Anyway don't run NFS over UDP unless you want data corruption.  There are sequence number wraparound
issues that are unsolvable when running NFS over UDP/IP and faster links.

^ permalink raw reply	[flat|nested] 7+ messages in thread

* [Bridge] Re: No UDP NFS over bridges in Linux 2.6.16.x?
       [not found]   ` <20060414192656.870.qmail@web52914.mail.yahoo.com>
@ 2006-04-14 20:53     ` Stephen Hemminger
       [not found]       ` <20060414205815.15338.qmail@web52911.mail.yahoo.com>
  0 siblings, 1 reply; 7+ messages in thread
From: Stephen Hemminger @ 2006-04-14 20:53 UTC (permalink / raw)
  To: Chris Rankin; +Cc: nfs, bridge

On Fri, 14 Apr 2006 20:26:56 +0100 (BST)
Chris Rankin <rankincj@yahoo.com> wrote:

> --- Stephen Hemminger <shemminger@osdl.org> wrote:
> > Most likely the problem is that the MTU on the two devices in the bridge is different.
> > The bridge will silently drop packets if they are too large for the destination port (it's in
> > the 802.1d standard). TCP has path mtu discovery and is smart enough to recover.  UDP doesn't do
> > that.
> 
> Hi,
> 
> Thanks for the top about the dangers of NFS and UDP. However, I don't think that the MTU is the
> problem.
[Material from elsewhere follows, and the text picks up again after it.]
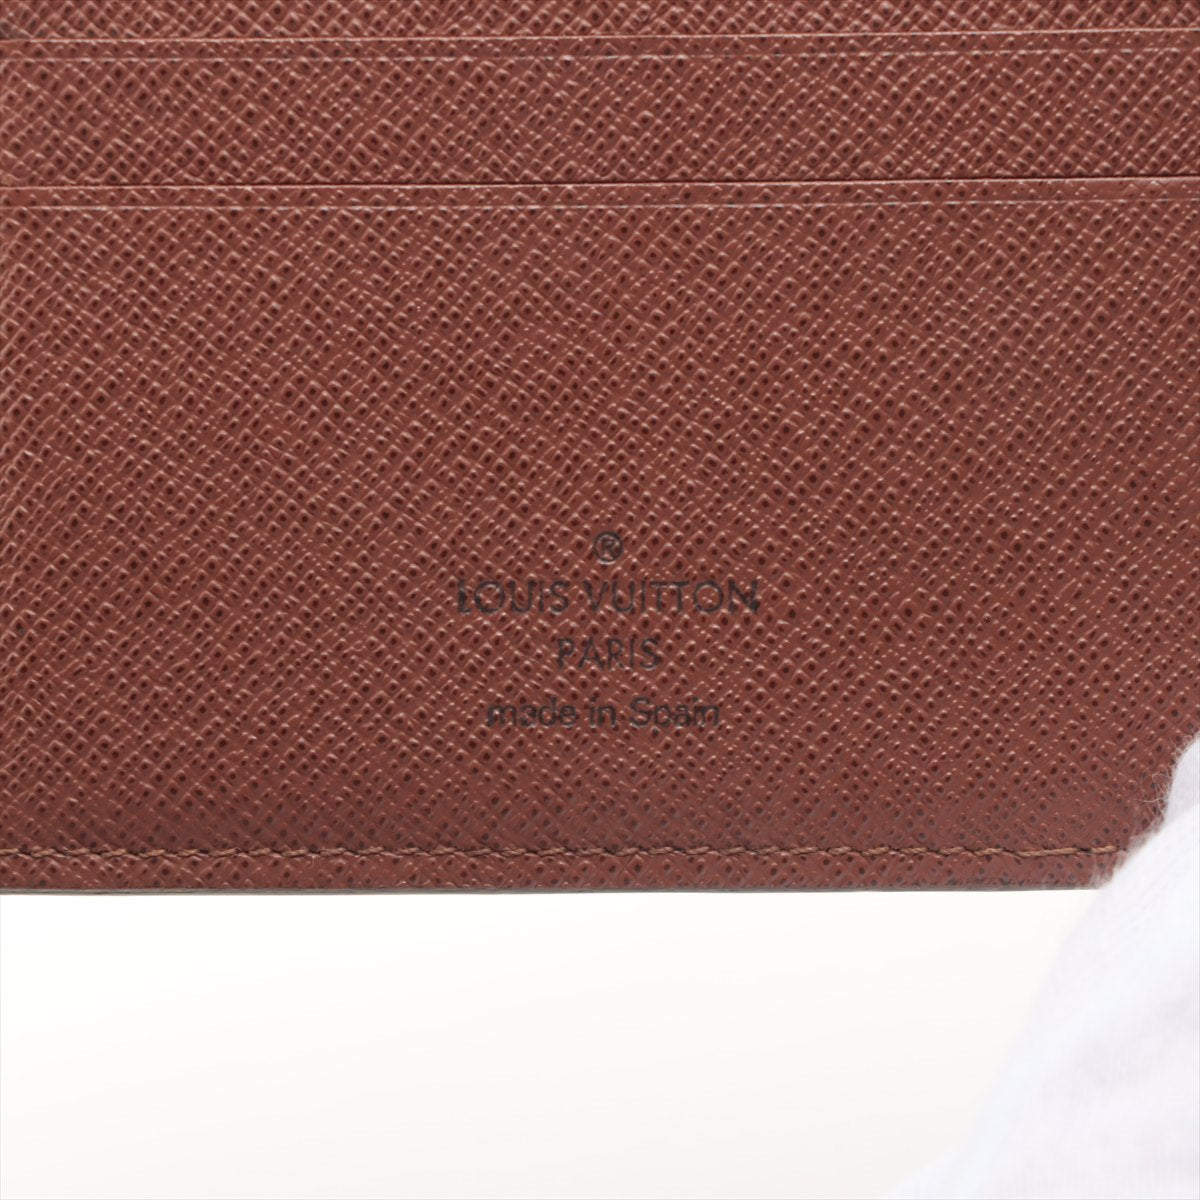 Purses, Wallets, Cases Louis Vuitton Monogram Canvas Pallas NM CompactWallet Red Flap

All the ethernet devices (including the bridge) have an MTU of 1500, and according to my
> routing table, only the default route has a lower MTU. Both servers are configured like this:
> 
> 192.168.0.0/24 dev eth0  proto kernel  scope link  src 192.168.0.x
> 169.254.0.0/16 dev eth0  scope link
> default via 192.168.0.1 dev eth0  src 192.168.0.x  advmss 1452
> 
> eth0      Link encap:Ethernet  HWaddr nn:nn:nn:nn:nn:nn
>           inet addr:192.168.0.x  Bcast:192.168.0.255  Mask:255.255.255.0
>           UP BROADCAST RUNNING MULTICAST  MTU:1500  Metric:1
>           RX packets:6817 errors:0 dropped:0 overruns:0 frame:0
>           TX packets:4951 errors:0 dropped:0 overruns:0 carrier:0
>           collisions:0 txqueuelen:1000
>           RX bytes:1840267 (1.7 MiB)  TX bytes:678873 (662.9 KiB)
>           Base address:0xdcc0 Memory:ff6e0000-ff700000
> 
> So all traffic between 192.168.0.x machines should be routed with an MTU of 1500.
> 
> Cheers,
> Chris

What is the mtu of eth0 and eth1 on the bridge?

> 
> 
> 
> 		
> ___________________________________________________________ 
> Switch an email account to Yahoo! Mail, you could win FIFA World Cup tickets. http://uk.mail.yahoo.com
> 
> 
> 		
> ___________________________________________________________ 
> Switch an email account to Yahoo! Mail, you could win FIFA World Cup tickets. http://uk.mail.yahoo.com


-- 
Stephen Hemminger <shemminger@osdl.org>
OSDL http://developer.osdl.org/~shemminger

^ permalink raw reply	[flat|nested] 7+ messages in thread

* [Bridge] Re: No UDP NFS over bridges in Linux 2.6.16.x?
       [not found]       ` <20060414205815.15338.qmail@web52911.mail.yahoo.com>
@ 2006-04-14 21:00         ` Stephen Hemminger
       [not found]           ` <20060414221312.64298.qmail@web52901.mail.yahoo.com>
  0 siblings, 1 reply; 7+ messages in thread
From: Stephen Hemminger @ 2006-04-14 21:00 UTC (permalink / raw)
  To: Chris Rankin; +Cc: nfs, bridge

On Fri, 14 Apr 2006 21:58:15 +0100 (BST)
Chris Rankin <rankincj@yahoo.com> wrote:

> --- Stephen Hemminger <shemminger@osdl.org> wrote:
> > What is the mtu of eth0 and eth1 on the bridge?
> 
> 1500 on both eth0 and eth1, and on the actual bridge device too.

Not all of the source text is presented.